Important Features When Selecting a Collection Agency

Even the most efficiently run business occasionally encounters some delinquent accounts — those bills that aren't paid on time. As a result, you may face the unpleasant task of trying to collect on past-due accounts.

Collection Notice

Your company probably has its own internal debt collection process, but when additional help is needed, you may need to turn to a professional credit collection agency. Because some states don't have many regulations governing collection agencies, the activities of these firms can go unmonitored. Therefore, you want to select a collection agency carefully.

When shopping around, look for these five features:

1. Good references. Ask for and check credit references.

2. Payment policy. The collection agency should deliver money to your company no later than 30 to 45 days after receiving it from the debtor.

3. Forms and reports. An agency should provide you with account placement forms and reports, which reflect the accounts you placed with the agency. These documents should be provided immediately and help you keep track of all accounts placed with the agency.

Typically, the forms should list, in addition to the creditor's information, full details, such as name, address, telephone numbers, e-mail, contact person, the amount due and any known reason why debtor is not paying. These documents ensure that an agency properly logs your accounts. Request samples before deciding on an agency.

4. Account status reports. An agency should provide you with account status reports that explain what stage of collection your accounts are in. Examples include partial payment arrangement, settled in full, paid in full, bankruptcy, or litigation recommended. The reports should be sent to you at least quarterly.

The agency should notify you whenever a debtor offers a possible settlement. It's also essential that the agency's authority to settle is clearly understood by both agency and creditor. Request that a sample status report be provided before you place any claims for collection.
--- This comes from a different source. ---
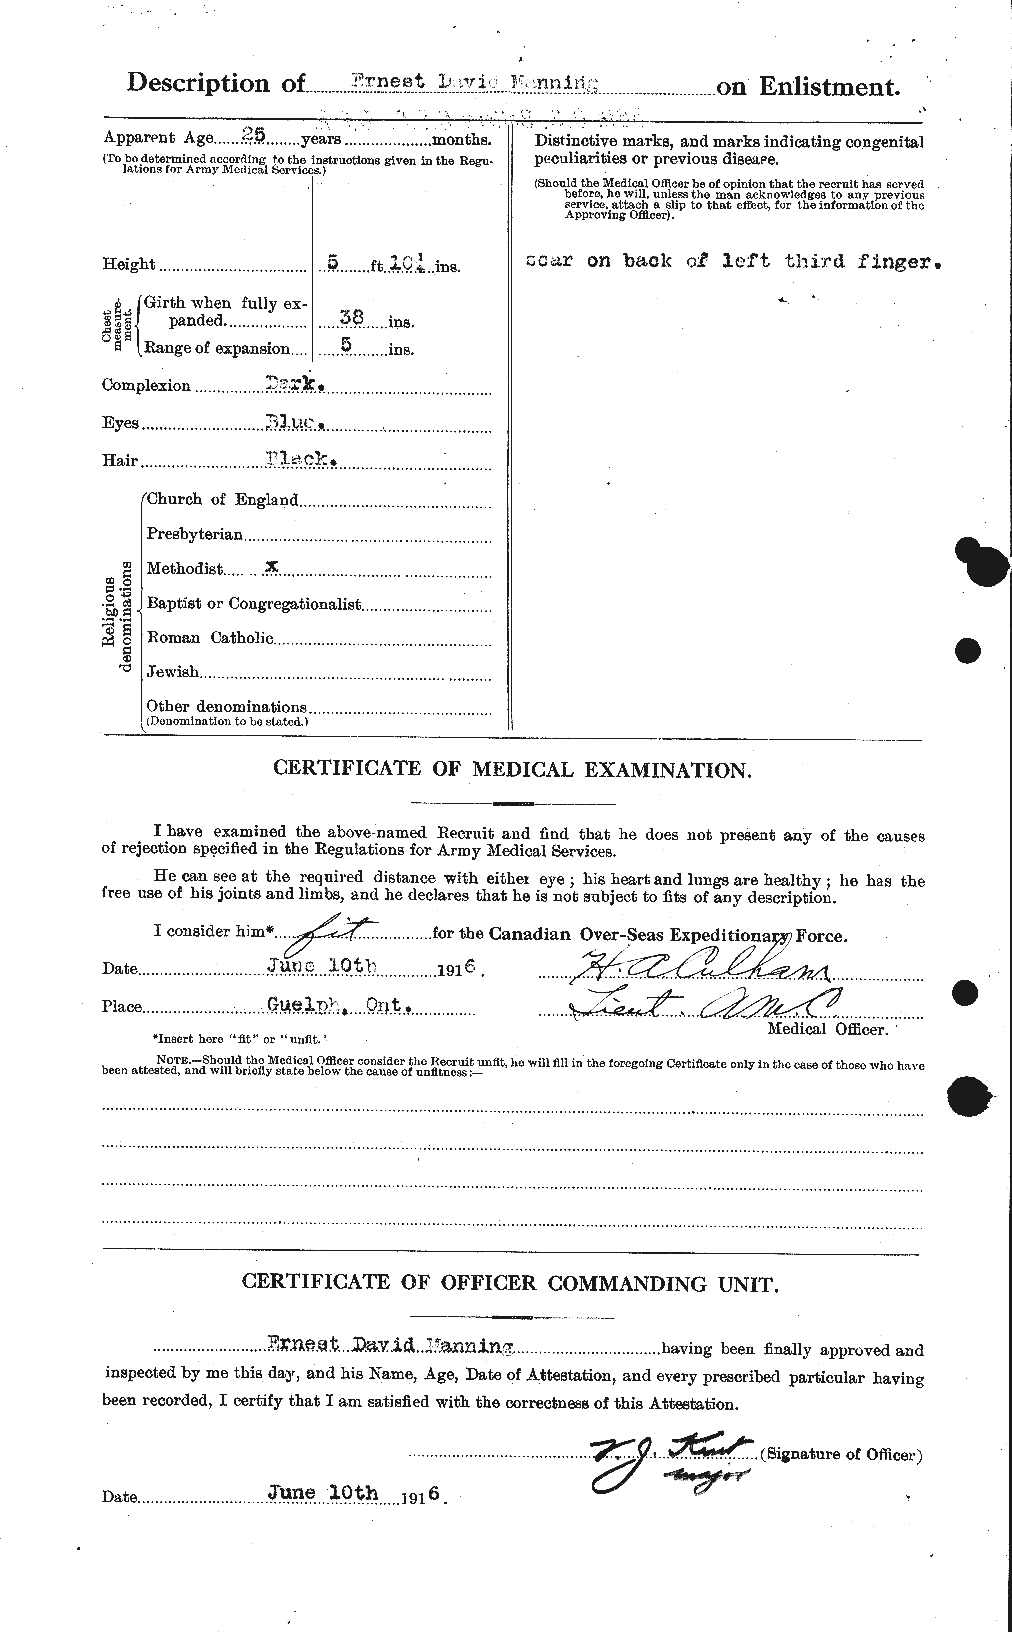 Dossiers du Personnel de la Première Guerre mondiale - CEC 479619b

5. Communication with the agency. Make sure that you can reach a human being when you want to call to discuss your accounts — not a recording or answering machine.

All Agencies Aren't Created Equal

In addition to the basic steps you take when engaging a professional firm, here are three legal aspects to check out:

  • Attorney affiliations. A credit collection agency should be affiliated with lawyers who have expertise in creditor rights and commercial litigation. Any legitimate collection agency should be associated with the Commercial Law League of America (CLLA) and the National Association of Retail Collection Attorneys (NARCA).
  • Attorney involvement. What criteria are necessary before referring a case to counsel? Insist that an agency seek your permission before making a referral. Also, ensure that you are consulted and given final approval when a settlement is made by the debtor. If the case is litigated, be aware that you are usually responsible for court costs and your collection agency's commission fee will likely be increased.
  • Professional communication. Since a collection agency is your duly authorized agent, the actions of its representatives reflect on your business. In addition, there are laws that protect consumers against harassing phone calls from debt collectors. Ensure that all contacts the agency makes with delinquent customers are handled professionally. Insist on proper treatment and get confirmation that the agency handles cases in a dignified, legal manner.